↓

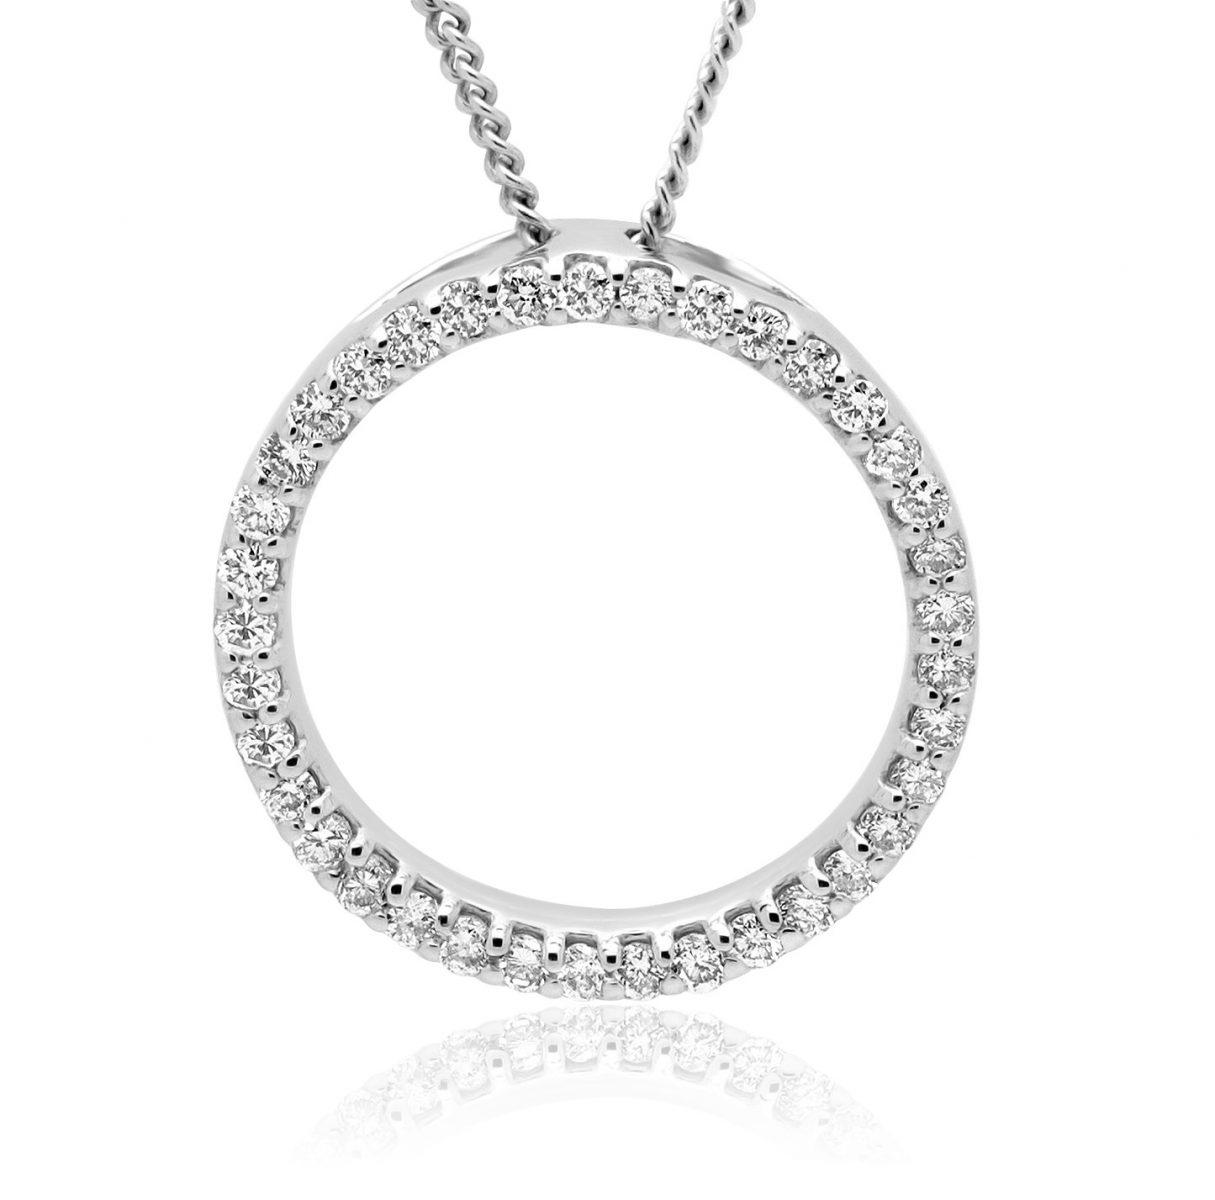 diamond pendant necklace circle of life style 14k white. Black Bedroom Furniture Sets. Home Design Ideas
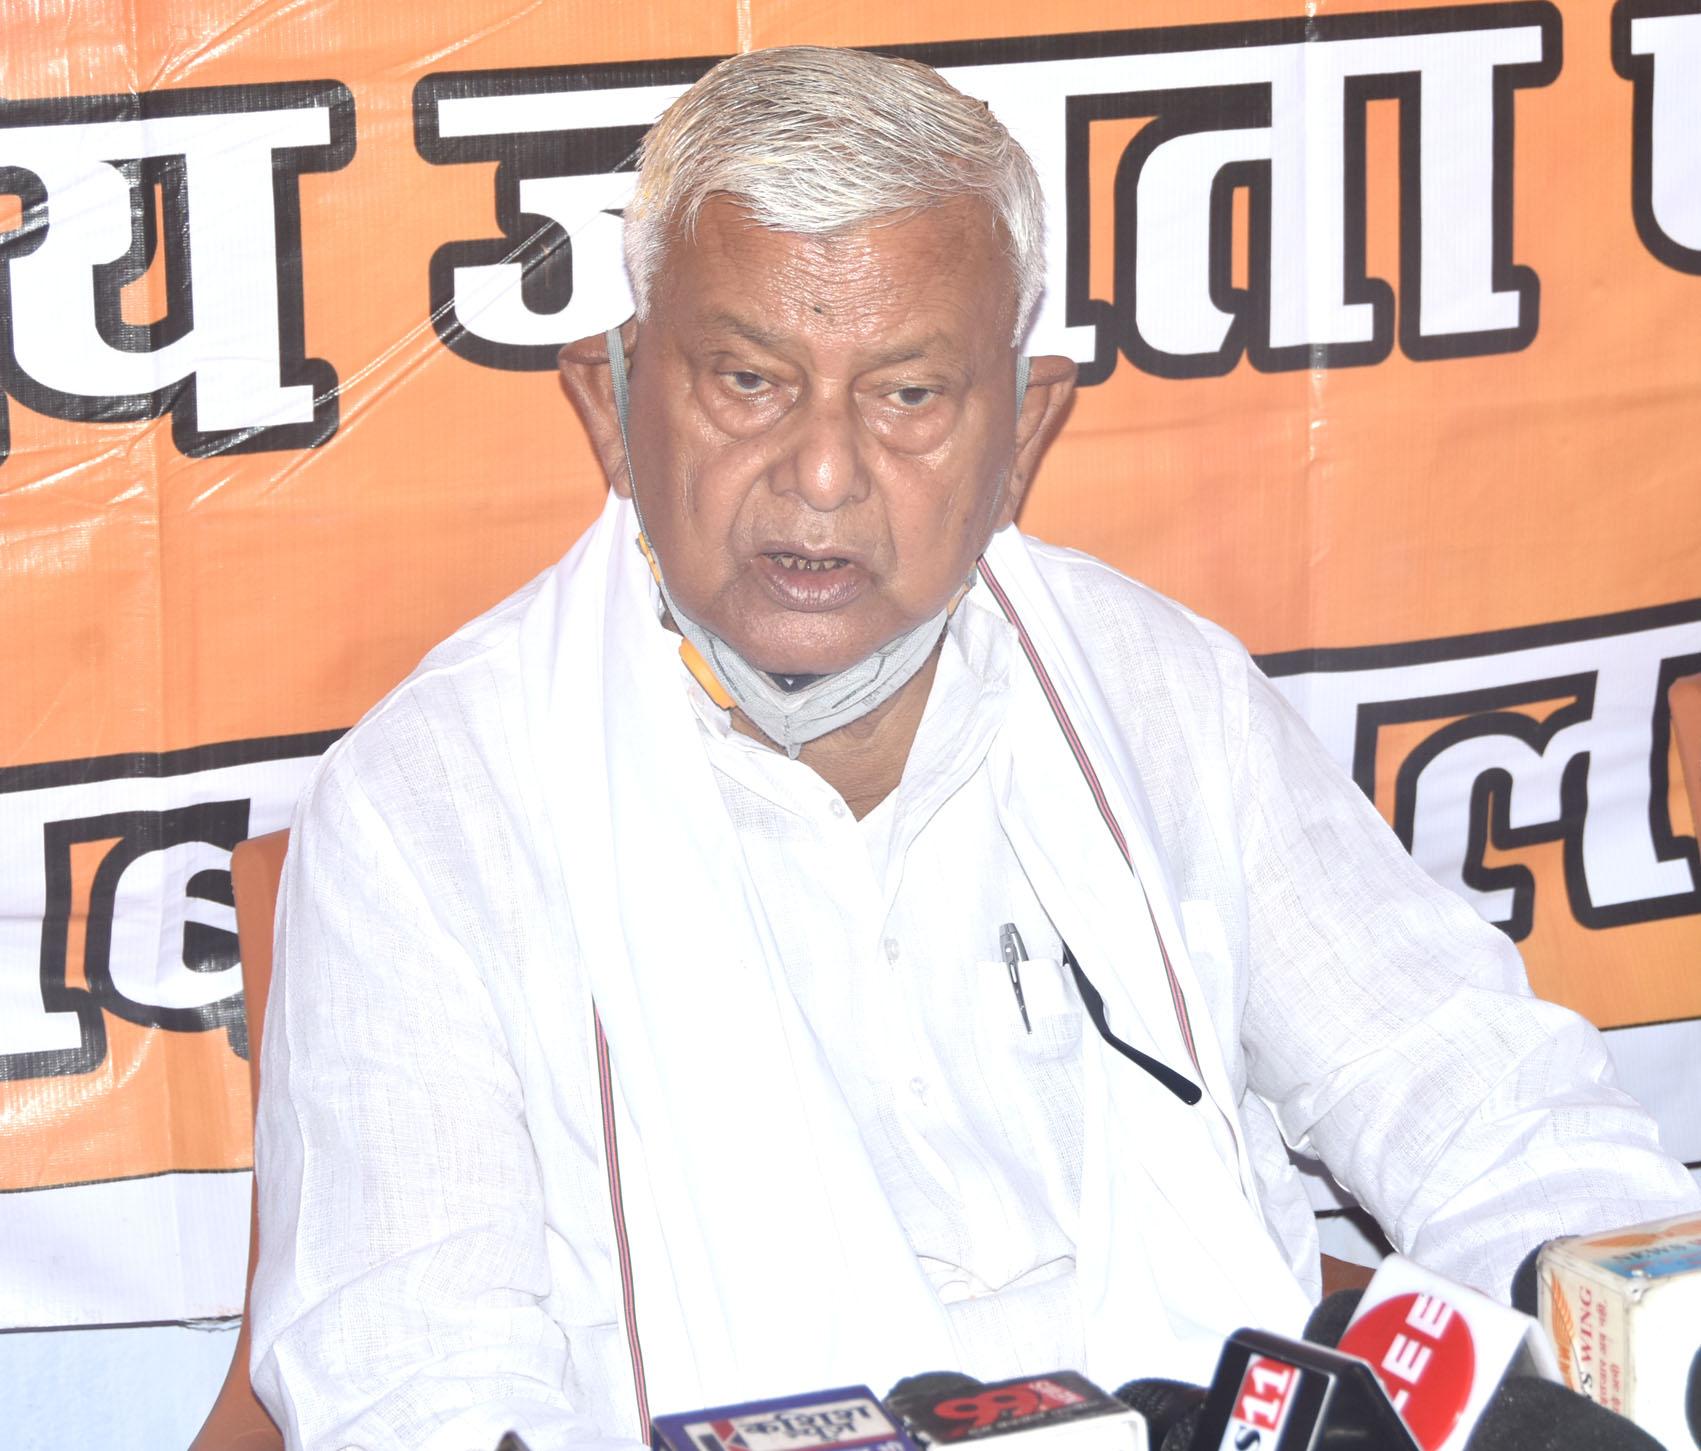 Dhandbad MP P.N. Singh speaks at the district  BJP office in Dhanbad on Monday, June 22, 2020
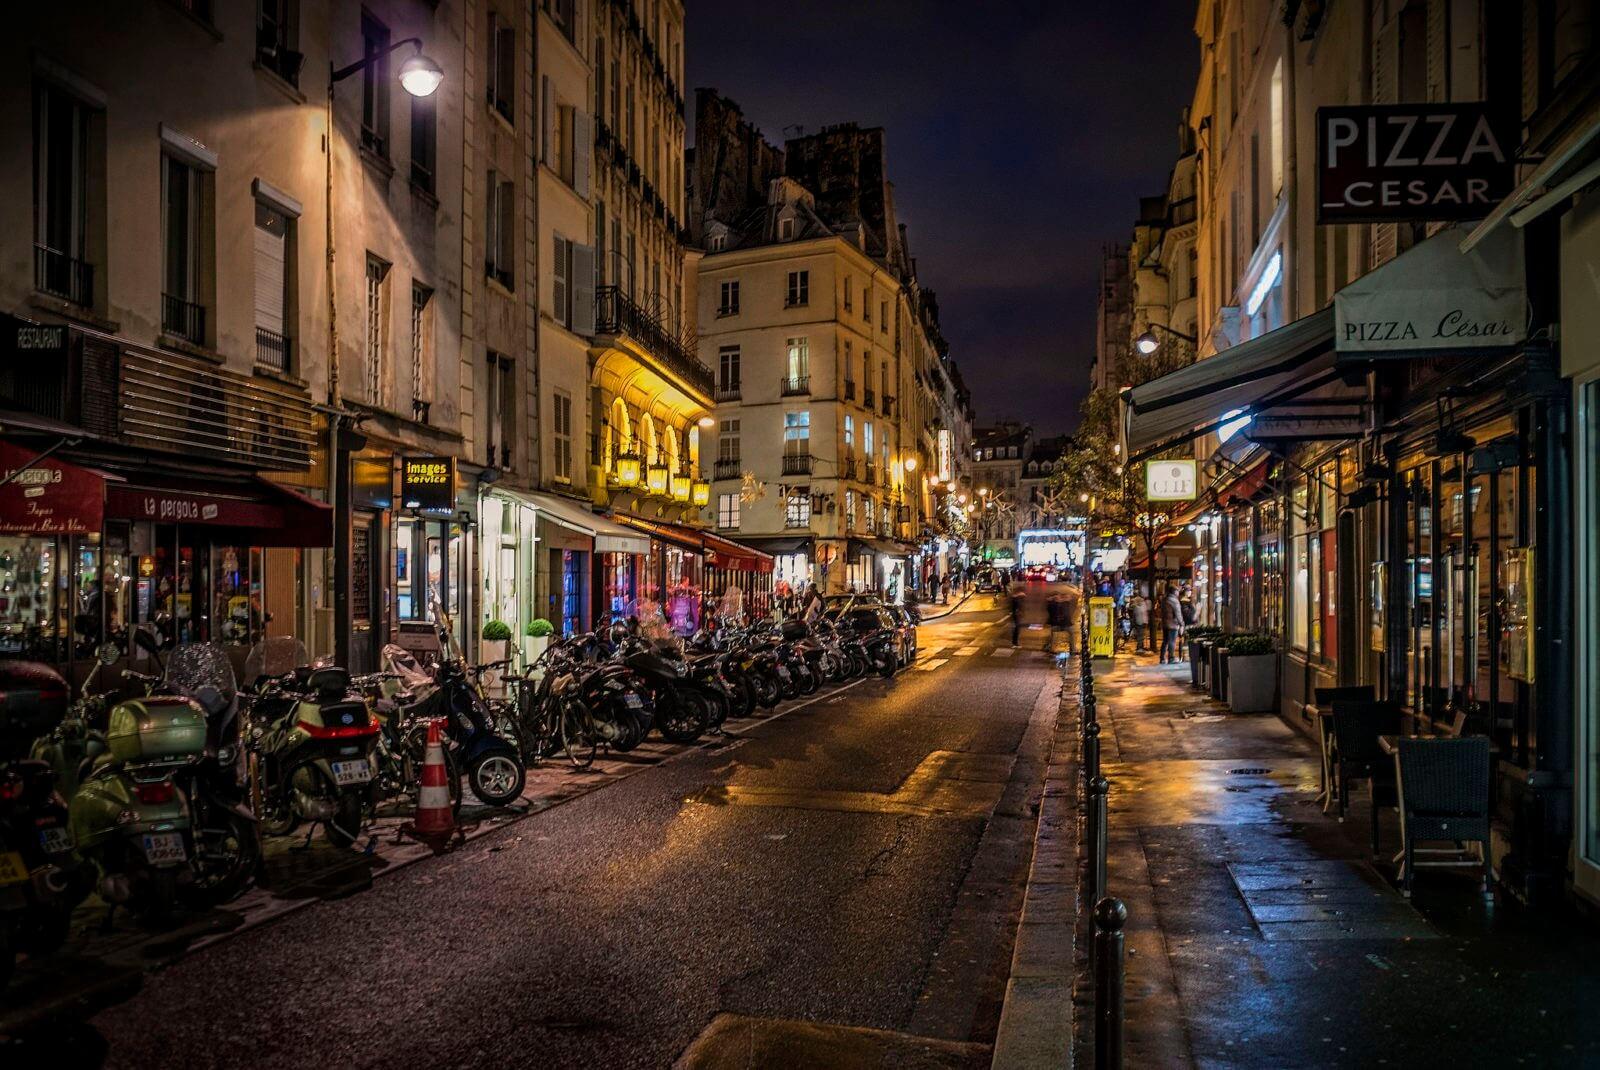 Paryż. Fot. Luc Mercelis/Flickr
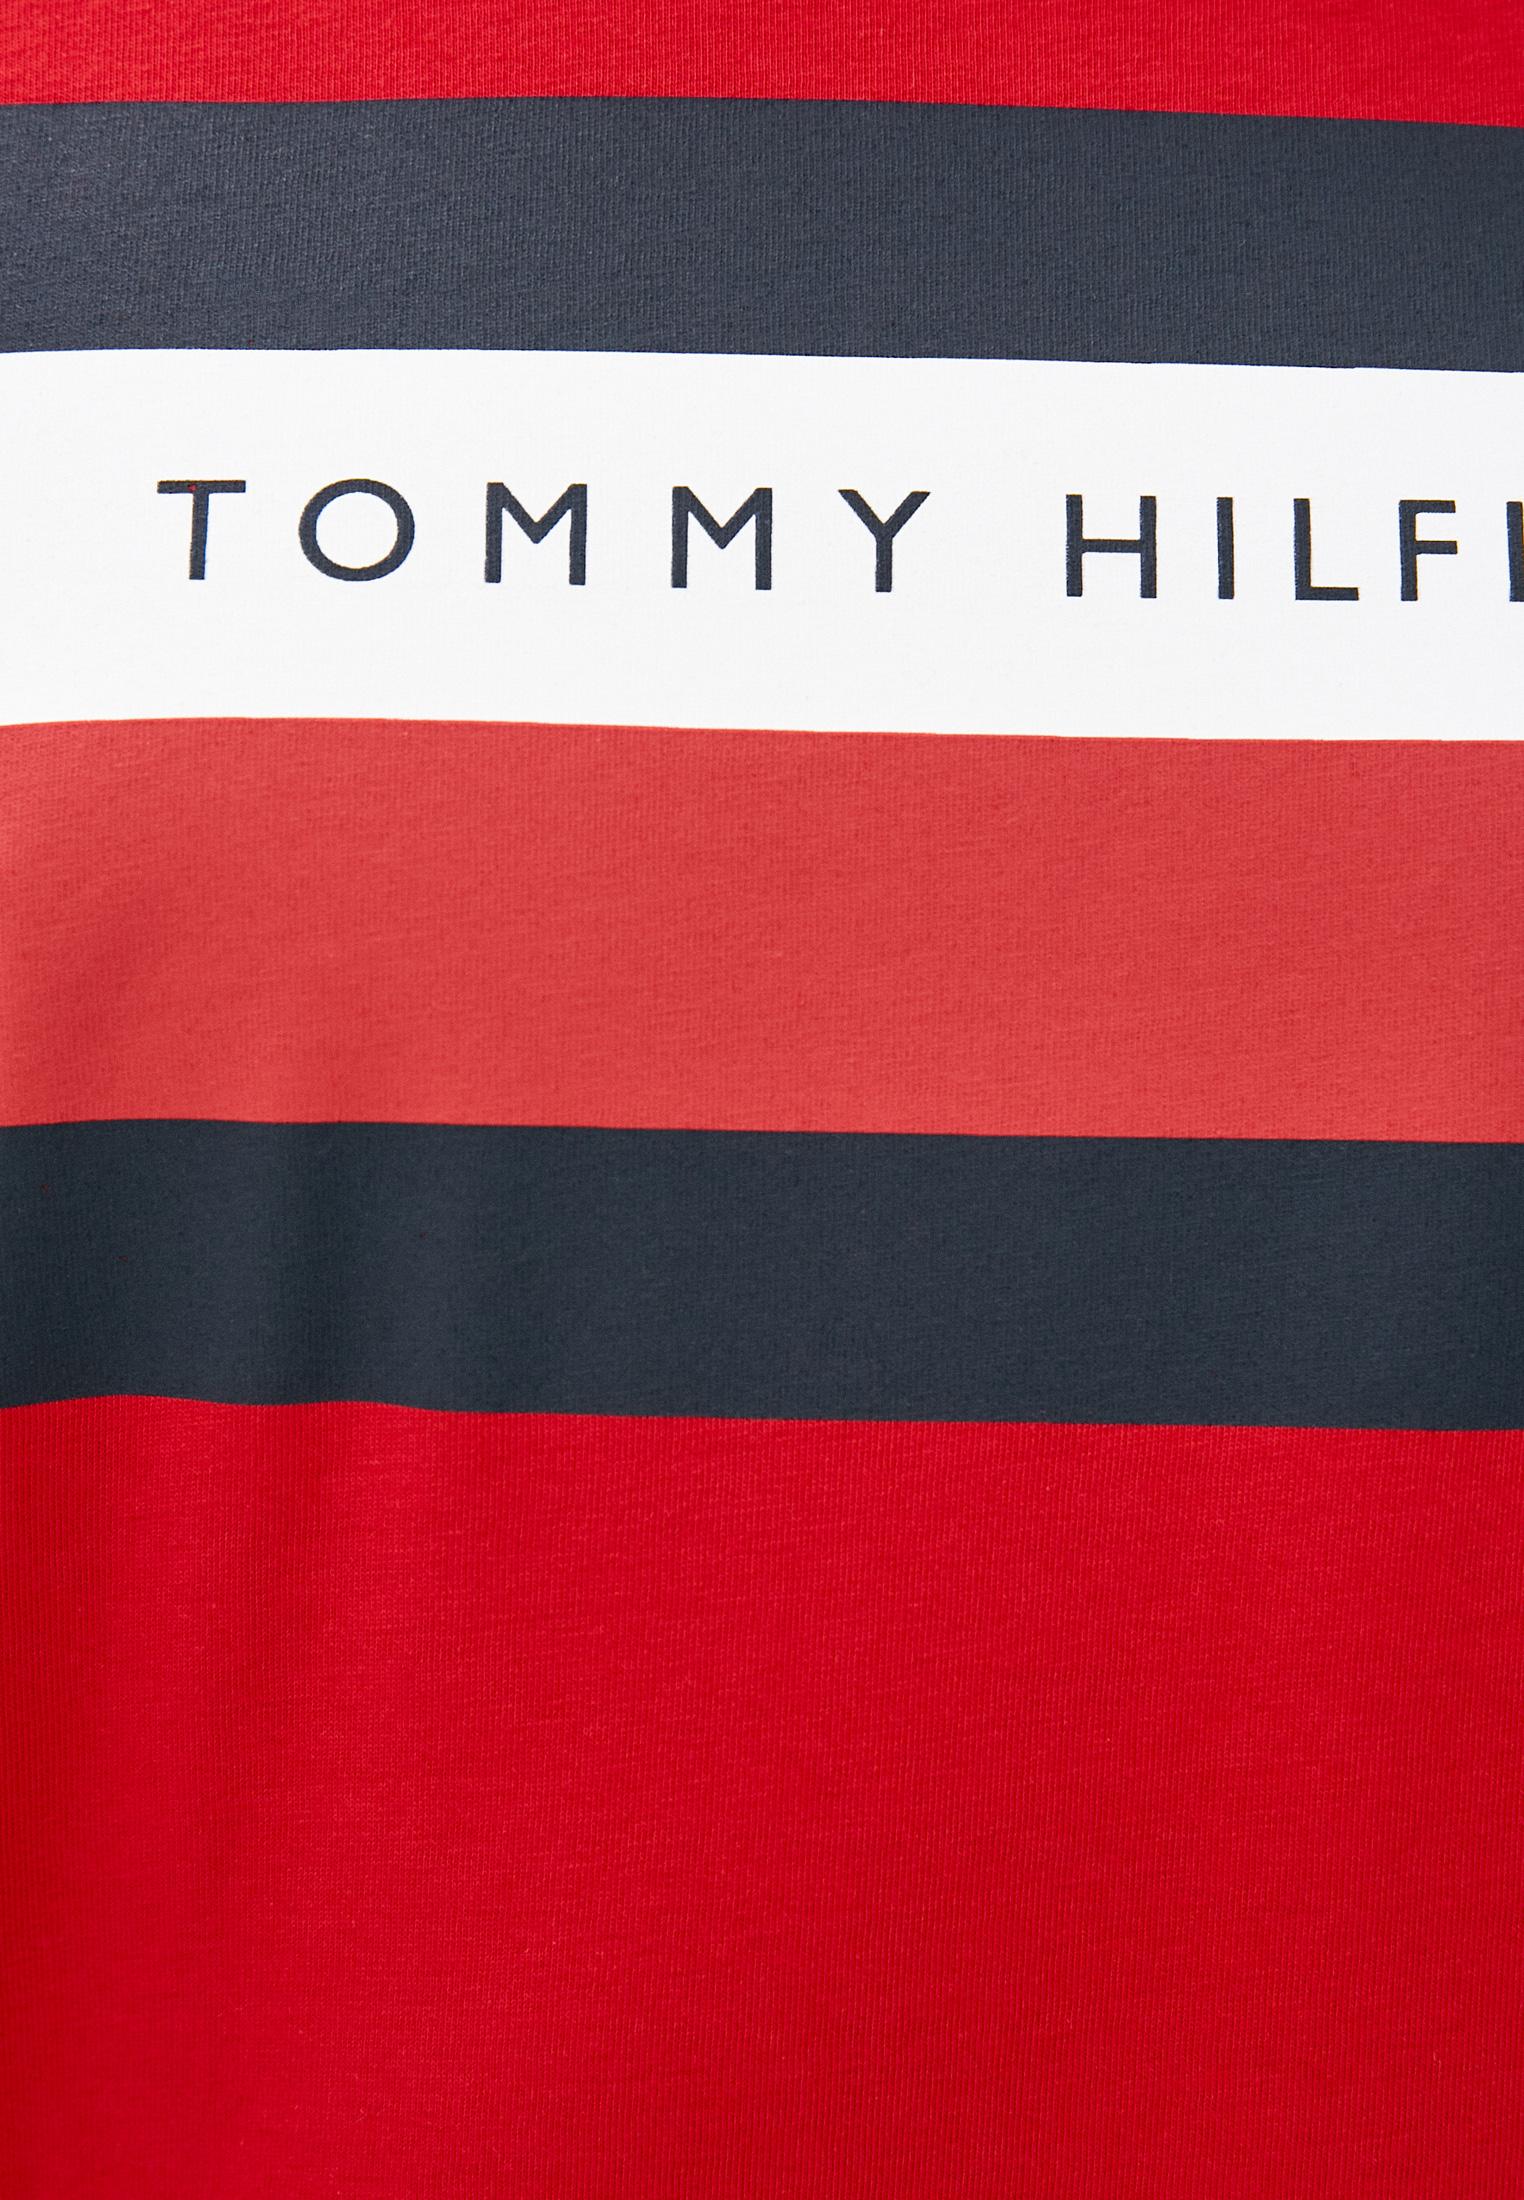 Футболка с коротким рукавом Tommy Hilfiger (Томми Хилфигер) MW0MW15318: изображение 3

↑

Your instructions – The data above should be returned in full, exactly as written, apart from its images.

Answer for the task –
 diamond pendant necklace circle of life style 14k white. Black Bedroom Furniture Sets. Home Design Ideas
 Dhandbad MP P.N. Singh speaks at the district  BJP office in Dhanbad on Monday, June 22, 2020
 Paryż. Fot. Luc Mercelis/Flickr
 Футболка с коротким рукавом Tommy Hilfiger (Томми Хилфигер) MW0MW15318: изображение 3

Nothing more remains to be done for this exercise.